I’ve tried before being at Bemelmans nursing a ginger-ale, but it’s like taking a tuna salad sandwich to the 21 Club. What’s the point. Part of the charm of popping into the Carlyle is the whole caboodle that goes along with it. The Madeline mural gracing the wall, a shiny mahogany bar glimmering in the overhead light. Ah, if it could only talk, the tales it could tell.
I actually went in to use the ladies room when I ran into the barmaid who beckoned me in. “But I’m not drinking right now,” I said wistfully, wishing it wasn’t so smelling freshly cut lemons lingering on her hands.
“Come have a coke, rest a while.”
I actually hate coke, never drink it, ever since I dropped a ring in a glass and it turned another color, but I agreed to a Schweppes she served in a tall, ice cold beer glass.
“Are you off chips too?”
“Never, I’ll be eating them on my deathbed. You know, one more Lays, for the road?”
So there I sat sober as a freshly showered sailor scoping out the room. It was only 2ish, leaving the bar pretty much empty, while a table of businessmen sipped scotch across the way. They were rather loud having a liquid lunch insisting the lights be turned up where they sat. It was a little like watching a play on stage, the rest of the room wrapped in inky darkness.

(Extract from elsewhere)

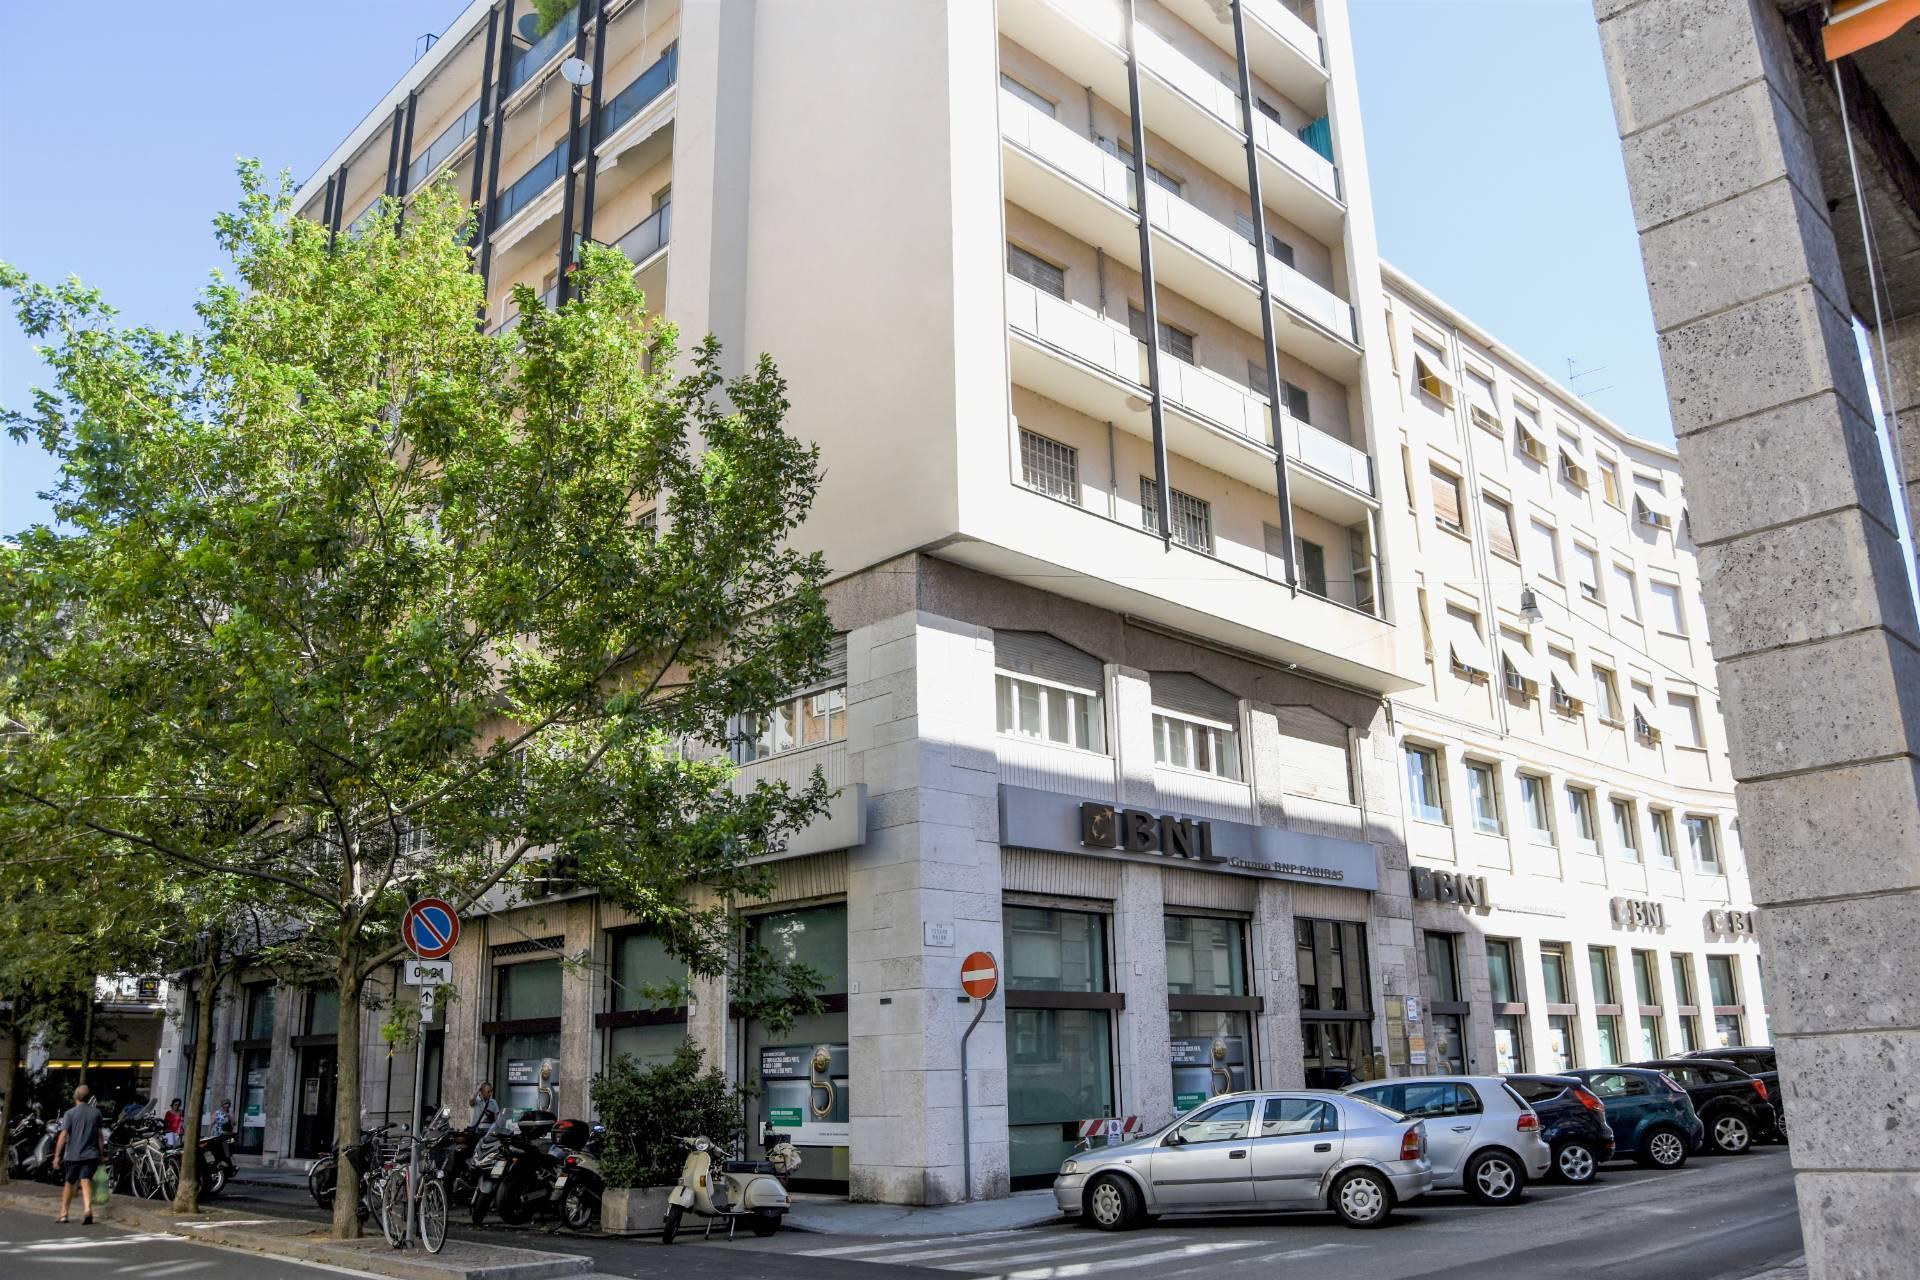 Ufficio-studio in Vendita a Vercelli Centro: 875 mq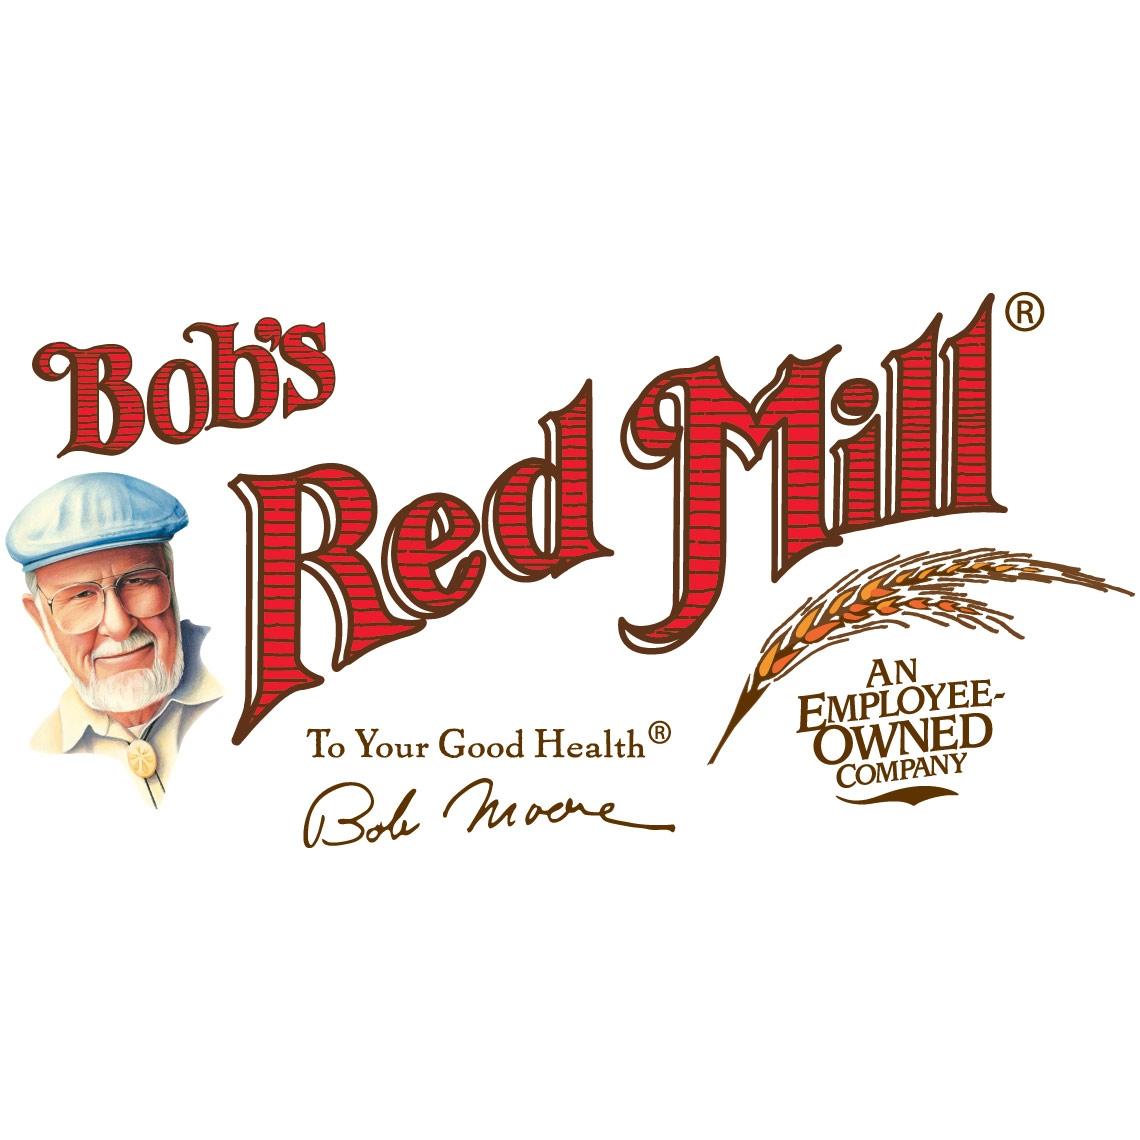 Unbleached White Fine Pastry Flour

I was all set to get seriously depressed when the designer Tom Ford walked in. Let me just say, though not too tall, he’s one of the handsomest men around. He was wearing a dark blazer over well-pressed jeans, a white button-down peeking out over its folds, the same way he looks in his magazine ads. He glanced around obviously looking for someone, his eyes resting momentarily on me. I smiled my best, if only you liked women, smile he politely returned.
I immediately texted my pal Camille to tell her, knowing how much she loves everything about him. Keep him there, she texted back, as if I could chain him to the banquette. He quickly checked his phone, then left.
In my sober boredom I decided to have a little fun with my friend.
You better hurry up Camille if you want to see him. How elegant he is sitting at the bar – legs crossed, handsome. Wow, he’s so fucking handsome.
I’m getting my legs waxed. She has one to go. Is he alone?
Quite, and there’s hardly anyone here so you could sidle right over to him. Buy him a drink even.
OMIGOD!!! I’LL BE RIGHT THERE.
Twenty minutes later she comes dashing through the door breathless as can be, and naturally Tom was nowhere in sight.
“I knew I should have hopped in a different cab,” she said, picking wax off her knee. “The driver I had drove like a damned turtle.”
“Sit down,” I said, have a ginger-ale, on me.”
“No, I’ll just go back to the House of Wax and get my other leg done.”
“You left only waxing one leg?” I started to roar.
“You think that’s funny? She hadn’t even started my Brazilian yet.”
“In that case, we should both have a drink. I mean, that’s the least a girl can do for herself if she’s about to be unmercifully scalped.”
“Does that mean you’re joining me?”
“I could use a little clean-up.”
I signaled for the barmaid.
“Excuse me Laurie, could you come over? I’m about to jump, leg first, right off the wagon.”